Take the guitar above as an example. It's a Peavy T-60, that I bought in Hawaii in 1982. I had been in Denver for recording of the album, PearceArrow, and the studio had one and I took to it. So when I got back to Hawaii and was out shopping, I bought it. The salesman impressed on me that it was like a Fender Telecaster, but less expensive. Naturally, at that time, it being the new guitar, I played it quite a bit, if not exclusively.

But over time I bought other guitars, and it slowly ended up being played here and there, but not often.

Oddly, what brought it back into regular play was my going back and re-recording  the album, Winter, where the original demo tracks were recorded with the Peavy. And when I was gearing up to play some of the Winter songs live, I found I liked using it for the lead parts.

In the meantime, the other guitars bide their time waiting...

I sometimes worry about that, that I'm neglecting them. Makes you wonder about guitars in those big collections.

©2020 David William Pearce.

Monday, March 16, 2020

What to Sing




I've often wondered if what inevitably causes people to drop out of open mics and performing, and this is particularly directed and singer/songwriters, is the constant need for new material. It takes a lot of work to write songs, and time to create a catalog of songs to perform. I have 35 in rotation out of 110 recorded songs. The ones I don't perform, so far, are either tough to perform with just a guitar, or a little out there for open mics...

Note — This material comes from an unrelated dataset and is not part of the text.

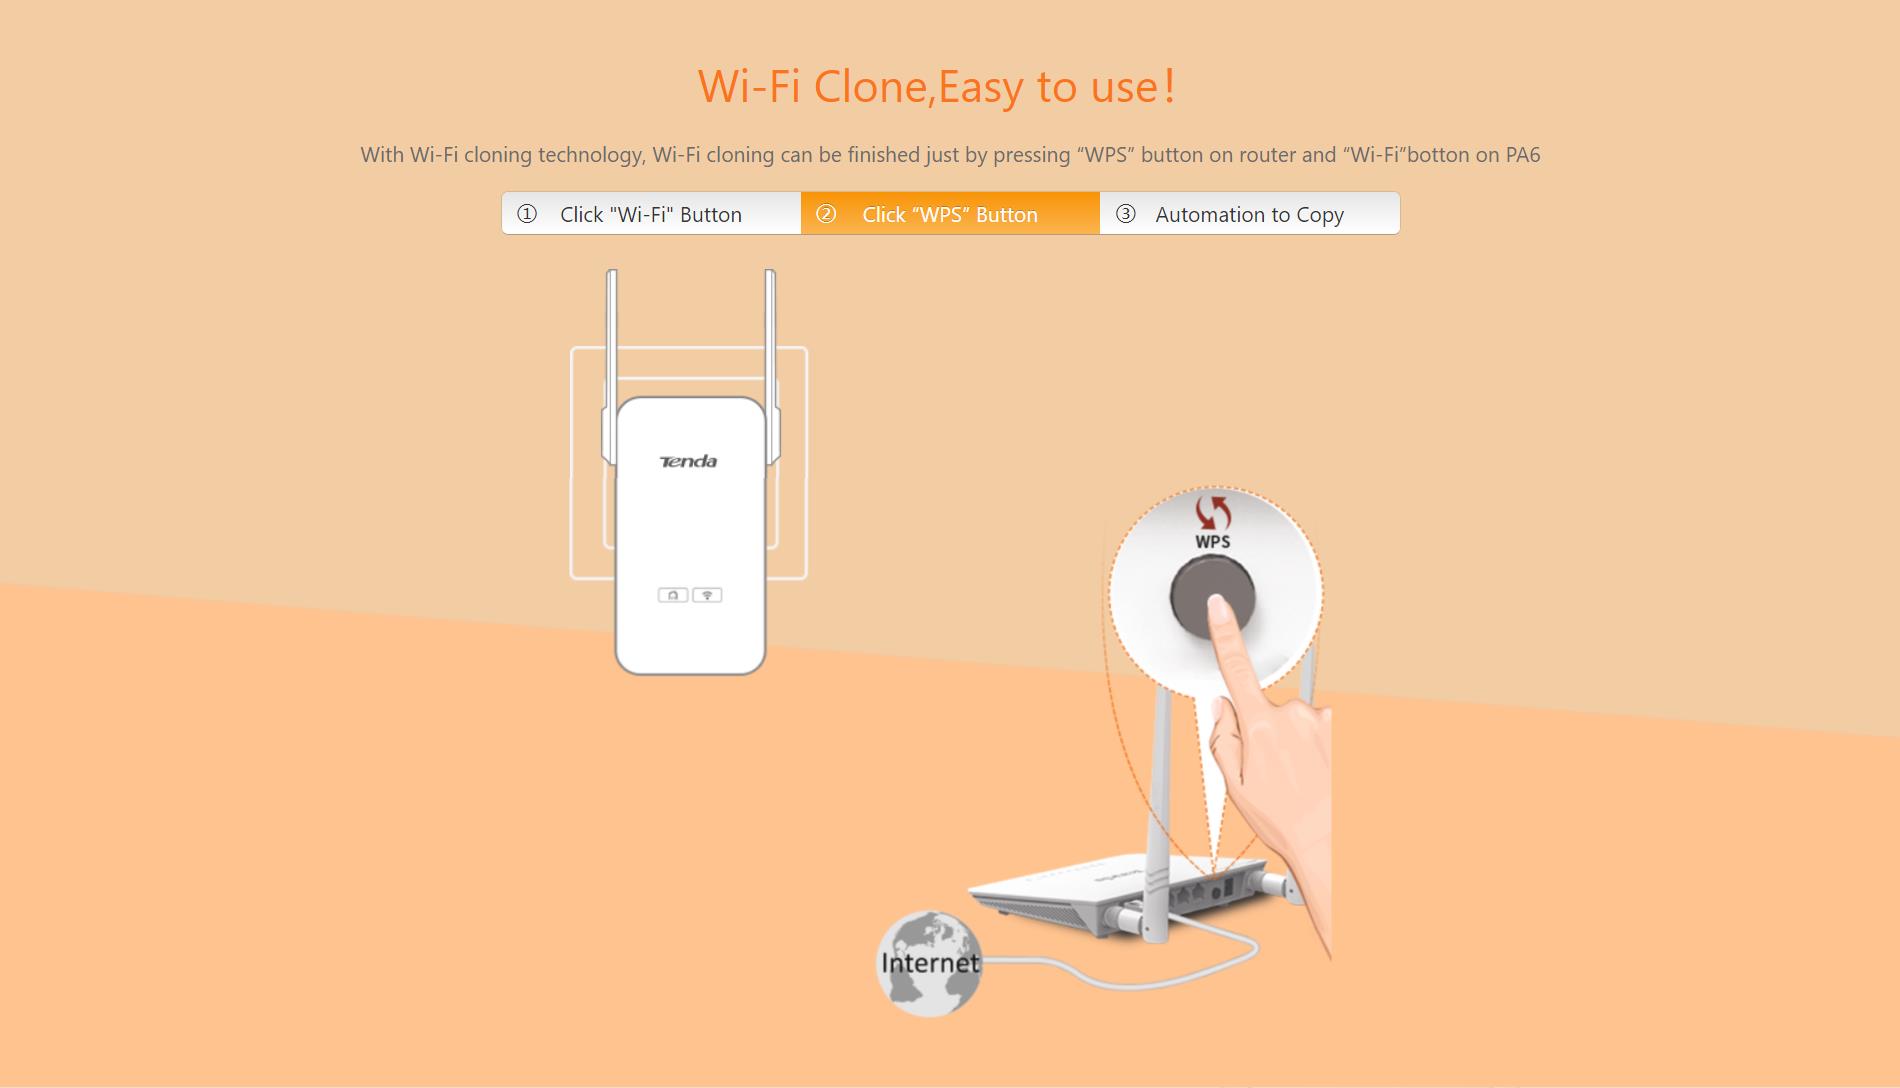 A large marketing image providing additional information about the product Tenda PH5 AV1000 Wi-Fi Powerline Extender Kit - Additional alt info not provided
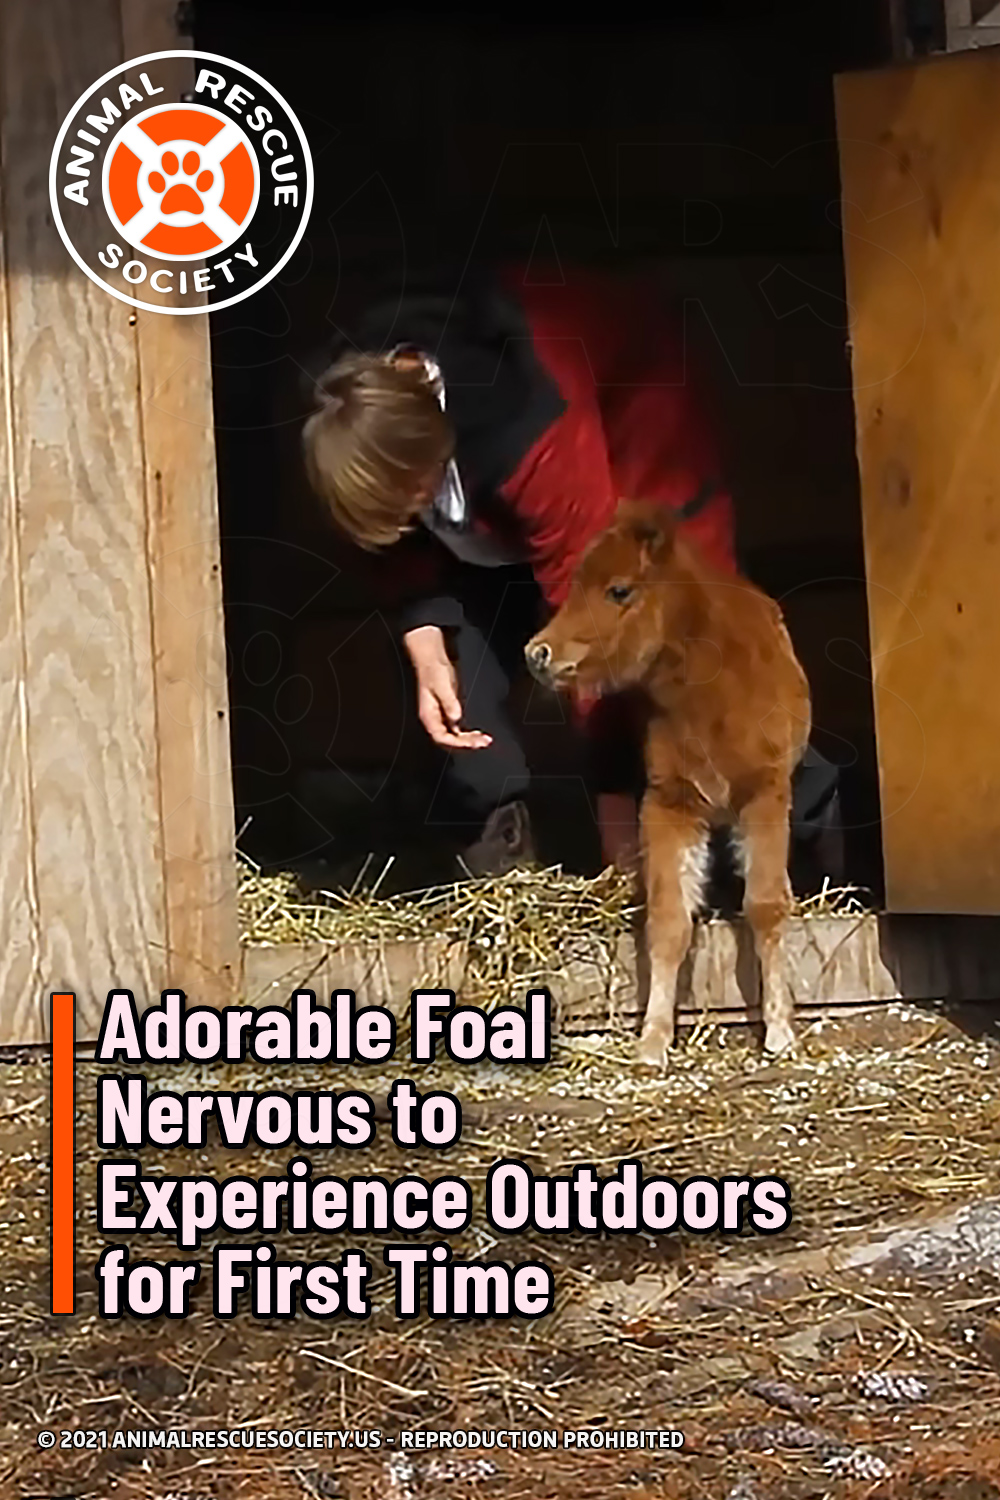 Adorable Foal Nervous to Experience Outdoors for First Time

Maybe if I do more extended shows...

But I feel for those getting into this and only having a small number of songs and not wanting to play them over and over sometimes for the same people-we tend to go to the same events across the city. It's nice to have something new.

There's also the pressure to be something of a machine when it comes to writing, which is harder than you might think. I go through writing cycles where I write a lot in a short time period, but it's by no means regular, so I'm thankful I have older material to bring out when I feel I've been playing the same stuff over and over.

It also makes me think of how quickly bands and singers come and go either because all they had was that one hit song, or labored to recreate the magic that propelled them into the mainstream consciousness to begin with. Even multi-hit bands, groups, individuals are always dealing with what's next and whether it'll be as good or better or worse than what came before and whether they've had their run and are now consigned to only being remembered for their greatest hits and little later.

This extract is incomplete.